Вдруг некрасивая девушка снова вывернула губу. Глаза ее сверлили миссис Терпин, точно два сверла. Теперь уже сомнения не было: взгляд ее выражал что-то очень важное.

«Да что ж это, — воскликнула про себя миссис Терпин, — я ведь не сделала тебе ничего дурного!» Может, девушка с кем-то ее спутала? Все равно это не резон позволять, чтобы тебя запугивали.

— Вы, верно, учитесь в колледже? — храбро спросила миссис Терпин, глядя в глаза девушке. — Вон книгу читаете.

Девушка по-прежнему смотрела на нее в упор и явно не собиралась отвечать.

Мать покраснела.

— К тебе обращаются, Мэри Грейс, — вполголоса сказала она.

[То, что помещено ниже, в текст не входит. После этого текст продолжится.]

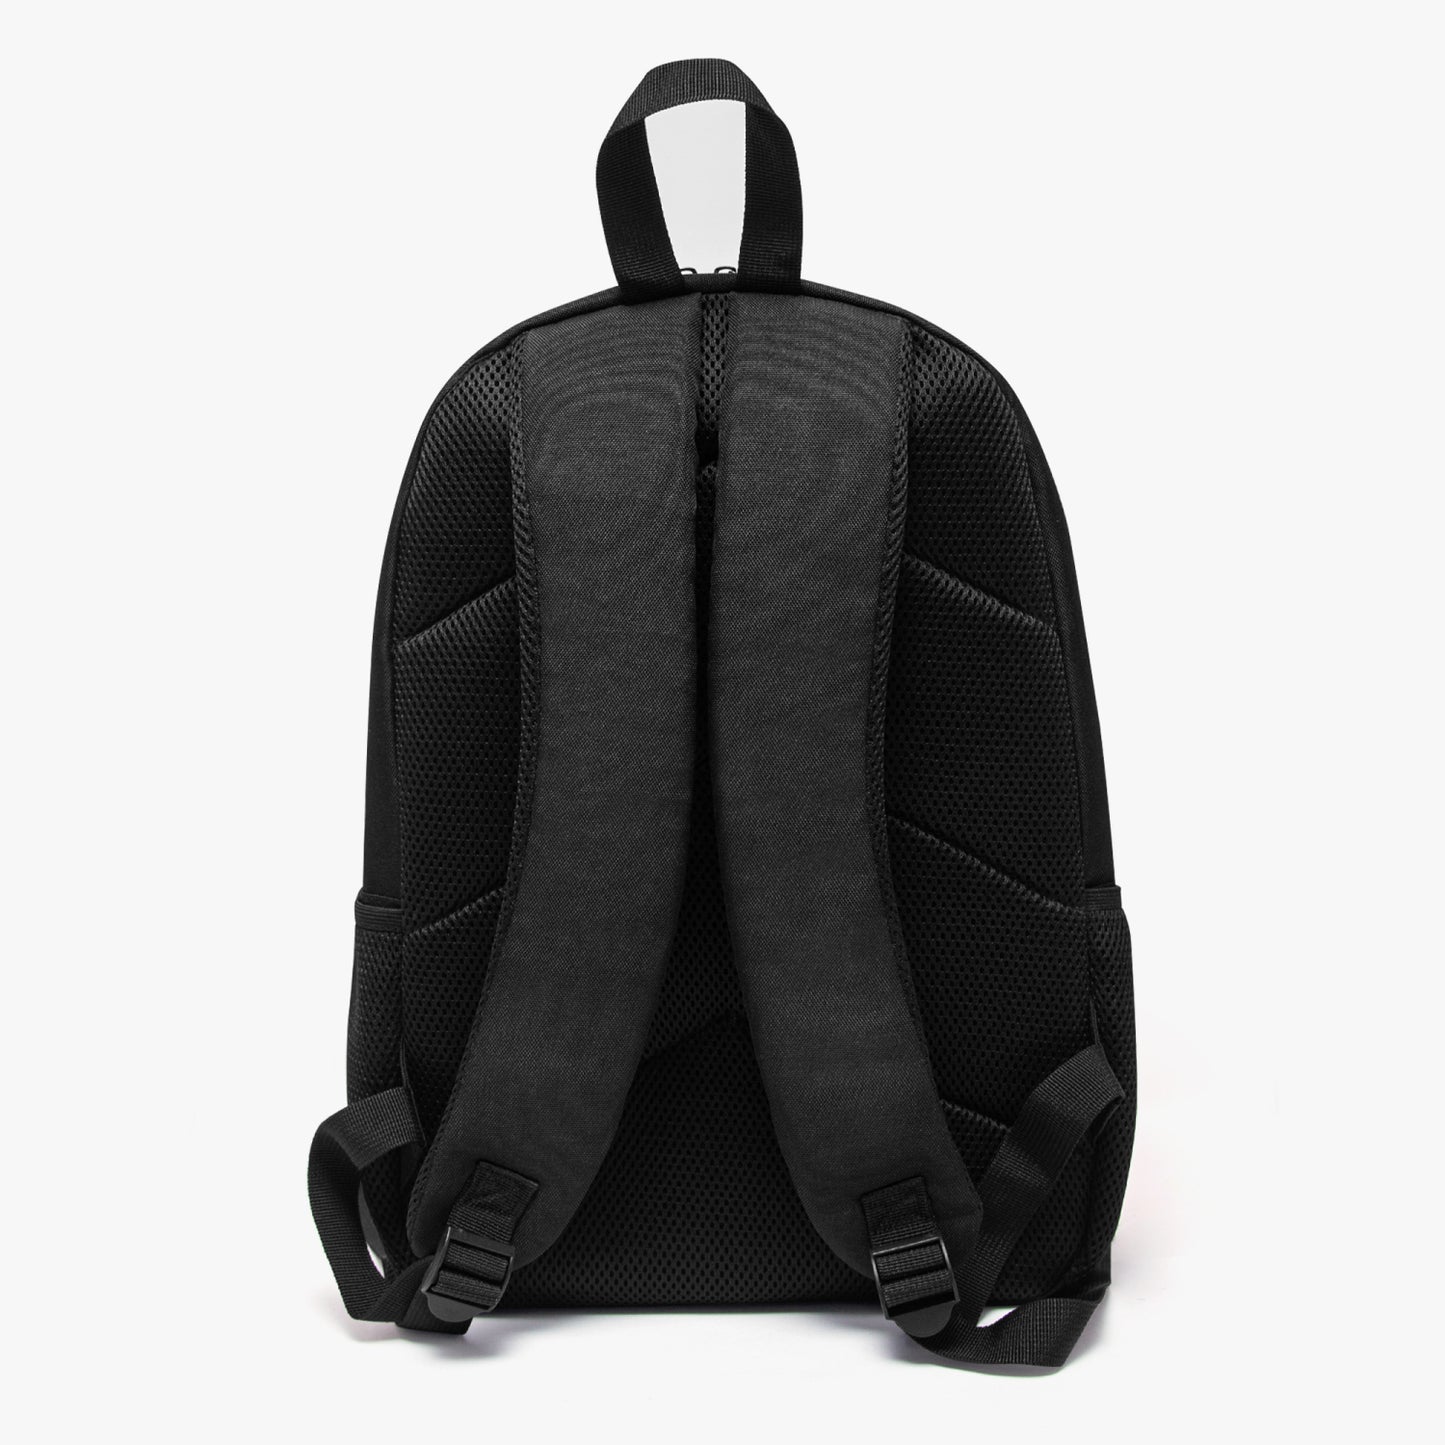 BERSERK Laptop Backpack

— Не глухая, слышу, — ответила Мэри Грейс.

Бедная мать снова залилась краской.

— Мэри Грейс учится в Уэллслейском колледже, — сказала она, крутя пуговицу на платье. — Это в штате Массачусетс, — добавила она, слегка сморщив нос. — Она и летом продолжает заниматься. Читает целыми днями, настоящий книжный червь. Она у них в Уэллсли одна из лучших студенток, изучает и английскую литературу, и математику, и историю, и психологию, и социологию, — щебетала дама. — По-моему, это слишком уж много. По-моему, ей нужно побольше отдыхать и развлекаться.

Наверное, девушка с удовольствием вышвырнула бы их всех в окно, такое у нее было выражение.

— На Севере, значит, учится, — сказала миссис Терпин, а про себя подумала, что вести себя ее там не научили.

— Мне с ним даже легче, когда он болеет, — сказала мать мальчика, снова привлекая к себе внимание. — Со здоровым с ним никакого сладу нет. Некоторые дети так устроены, что с ними нет сладу. Некоторые всех изводят больные, а с моим все наоборот. Заболел — и золото, а не ребенок. Сейчас-то он как раз здоров, это я пришла к доктору.

«Если кого и стоит отправить в Африку, — подумала миссис Терпин, — так это таких, как ты, милая».

— Да, что говорить, — сказала она вслух, но глядя в потолок, — есть кое-кто и похуже негров.

«И грязней, чем свиньи», — добавила она про себя.

— По-моему, самого большого сожаления заслуживают люди с тяжелым характером, — сказала симпатичная дама, и голос ее дрогнул.

— Слава богу, что у меня характер легкий, — сказала миссис Терпин. — Не было в моей жизни дня, чтобы я прожила без смеха.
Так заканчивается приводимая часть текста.